I looked at both, they seem close (especially VError), but indeed do more than we need. I also had another look at the existing BaseError, and I think it actually provides the basis we need: a reliably inheritance chain, and a 'guaranteed' stack property.

So armed with that, I suppose this is actually the only thing we really need:

export class WrappedError extends BaseError {
    public readonly cause: Error;

    constructor(name: string, message: string, cause: Error) {
        super(name, message);
        this.cause = cause;
        this.stack =
            this.stack + `\ncaused by: ` + (cause.stack ?? `    ${cause}`);
    }
}

export class UnhandledAborterError extends WrappedError {
    constructor(cause: Error) {
        super("UnhandledAborterError", "aborter callback failed", cause);
    }
}

Usage:

const cause = new TypeError("woopsie");
const wrapped = new UnhandledAborterError(cause);
console.log(wrapped.stack);

Output:

UnhandledAborterError: aborter callback failed
    at repl:1:5
    at Script.runInThisContext (vm.js:116:20)
    at REPLServer.defaultEval (repl.js:405:29)
    at bound (domain.js:419:14)
    at REPLServer.runBound [as eval] (domain.js:432:12)
    at REPLServer.onLine (repl.js:716:10)
    at REPLServer.emit (events.js:228:7)
    at REPLServer.EventEmitter.emit (domain.js:475:20)
    at REPLServer.Interface._onLine (readline.js:315:10)
    at REPLServer.Interface._line (readline.js:692:8)
caused by: TypeError: woopsie
    at repl:1:11
    at Script.runInThisContext (vm.js:116:20)
    at REPLServer.defaultEval (repl.js:405:29)
    at bound (domain.js:419:14)
    at REPLServer.runBound [as eval] (domain.js:432:12)
    at REPLServer.onLine (repl.js:716:10)
    at REPLServer.emit (events.js:228:7)
    at REPLServer.EventEmitter.emit (domain.js:475:20)
    at REPLServer.Interface._onLine (readline.js:315:10)
    at REPLServer.Interface._line (readline.js:692:8)

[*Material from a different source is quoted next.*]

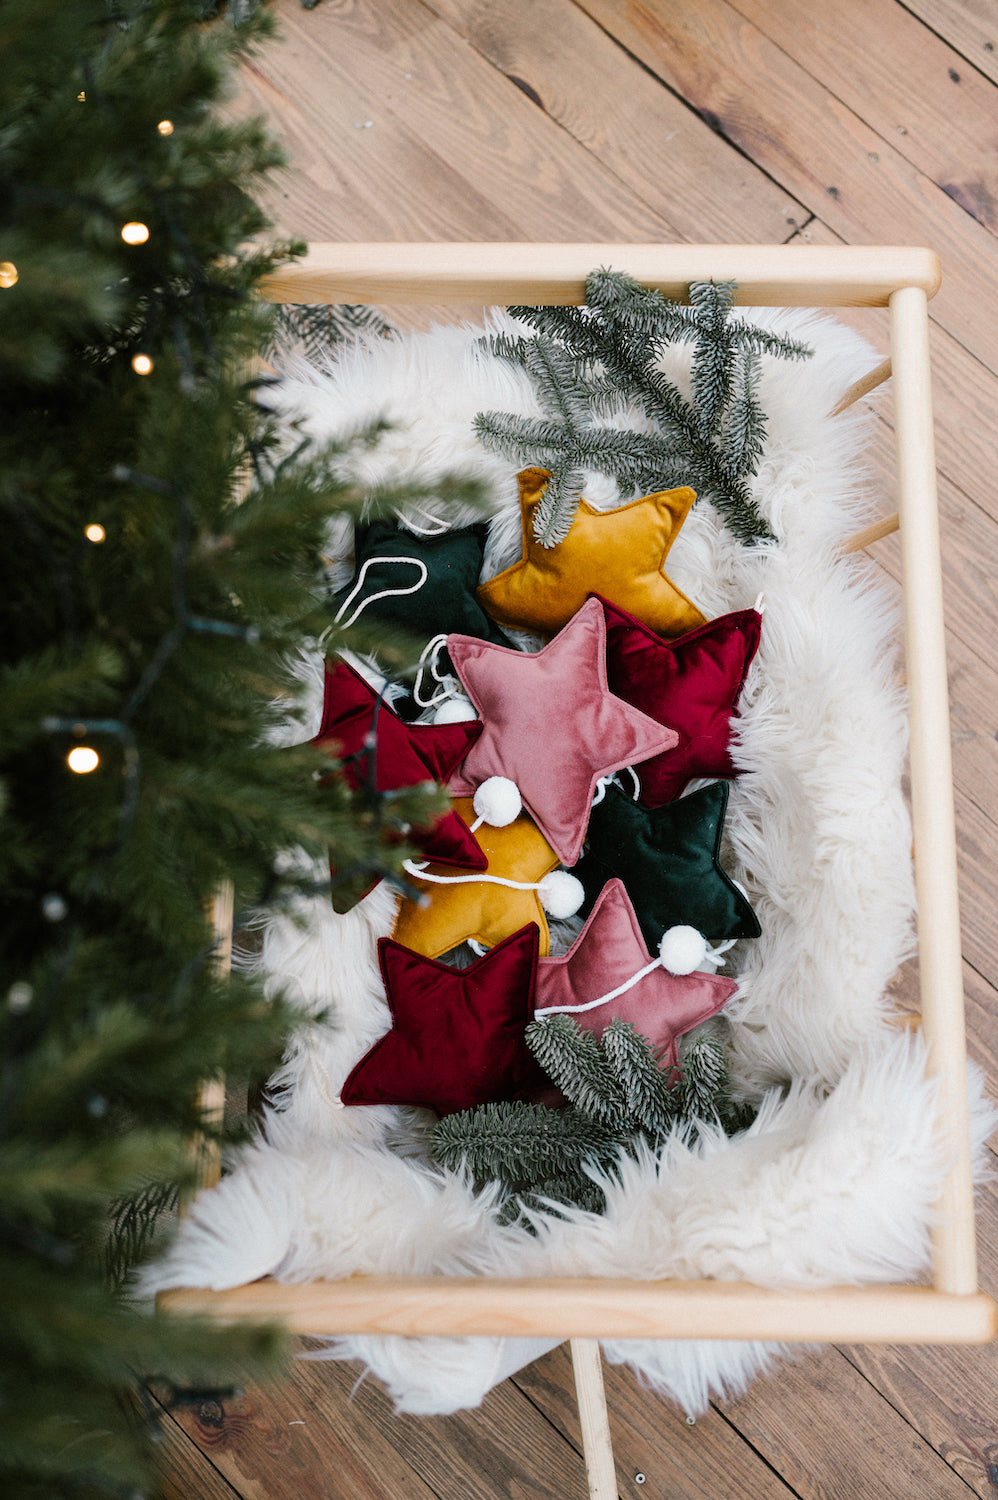 małe zawieszki gwiazdki od bettys home w drewnianym wózku świątecznym obok choinki

But I just whipped this up really quick, so perhaps this is a bit too simple still.

MattiasMartens commented 4 years ago

I haven't had a chance to take a close look at this yet, but I do want to flag one thing: when the environment supports it, I think we should defer evaluating the stack trace as long as possible (so implement a custom getter for WrappedError, as those libraries do).

I profiled these two statements:

("stack" in new Error("TEST"));

and

new Error("TEST").stack;

The first one is 30x faster because it does not trigger an evaluation of the stack. (As you know, in many cases the stack doesn't have to be evaluated at all.)

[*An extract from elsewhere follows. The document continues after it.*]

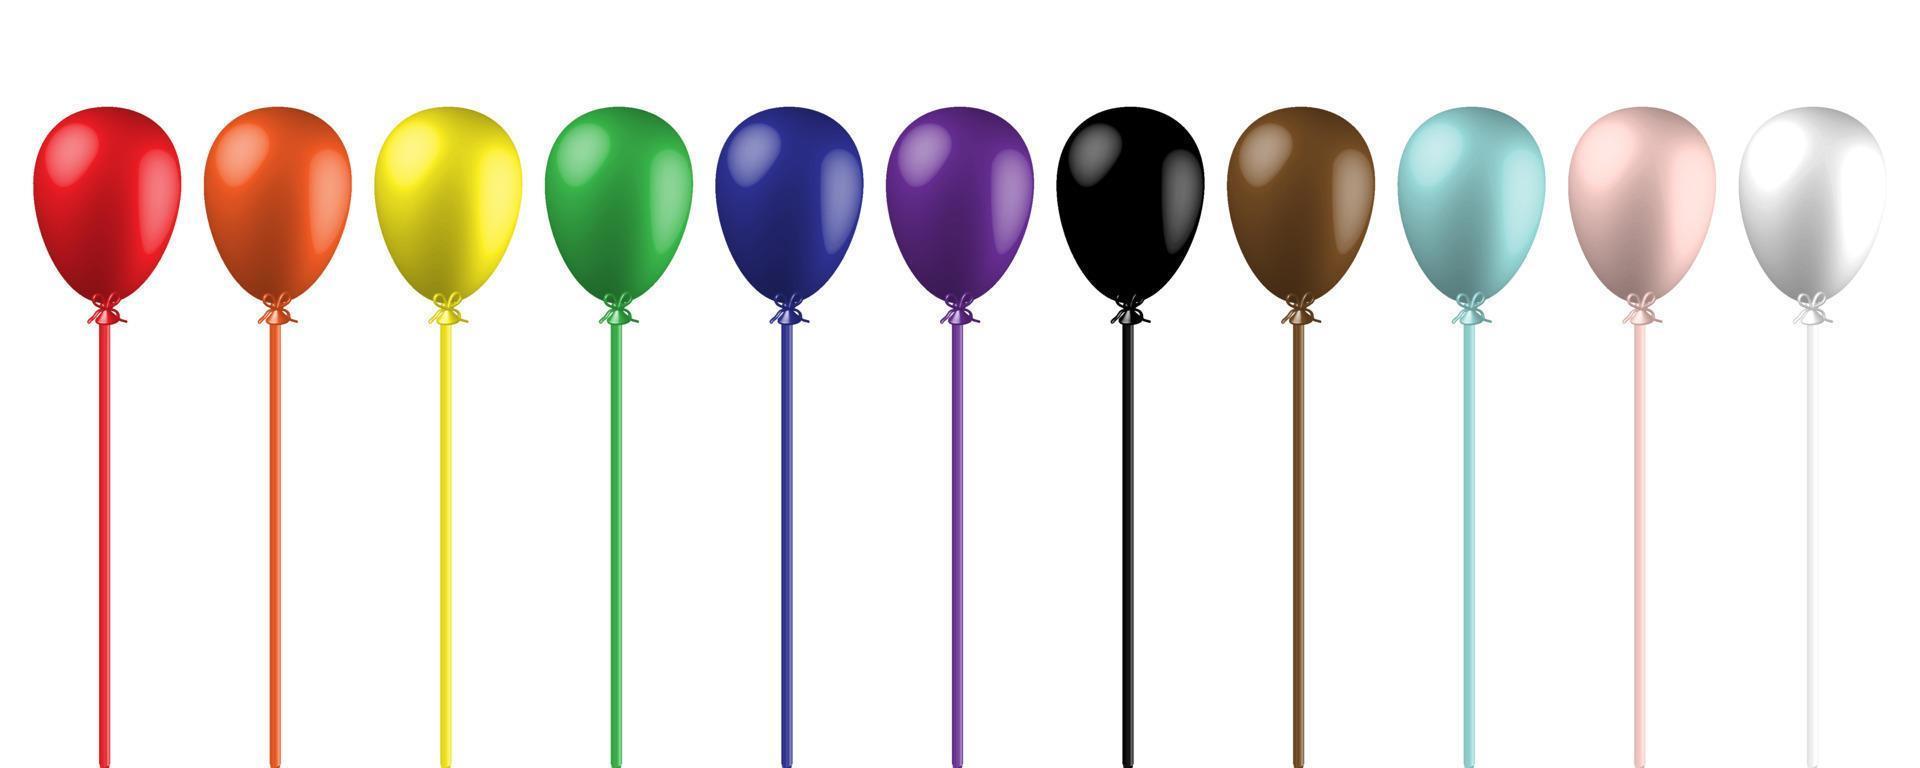 lgbtq-stolzflagge. 3D-Ballons auf weißem Hintergrund. regenbogenfarben realistische luftballons gesetzt. Fortschritts-Stolz-Flagge. Vektor-Illustration. vektor

poelstra commented 4 years ago

Yeah, I know about that performance difference. As I mentioned, I made something similar before.

But it's exactly that property getter stuff for Error.stack that's making things tricky. For example, there's no way to 'forward' it to the original getter. There are probably other ways (such as creating another Error just to capture its stack later, instead of our own one), but all of that is probably going to be quite tricky to test across all browsers, including with different downlevel compilation options.

Also, I think the performance concern isn't really important here. We're not building a generic promise library, and we're also not using them for every single error that's passing through. I suppose that we'll only be using them for WriteAfterAbortError and UnhandledAbortError. Both of these will be (very) rare occurrences.

MattiasMartens commented 4 years ago

Yeah, I know about that performance difference.

Right, of course you would, having worked on an error library! Apologies Martin.

Makes sense. It's important to think about in cases where errors are thrown and caught in a tight loop, but this is not going to be one of those cases.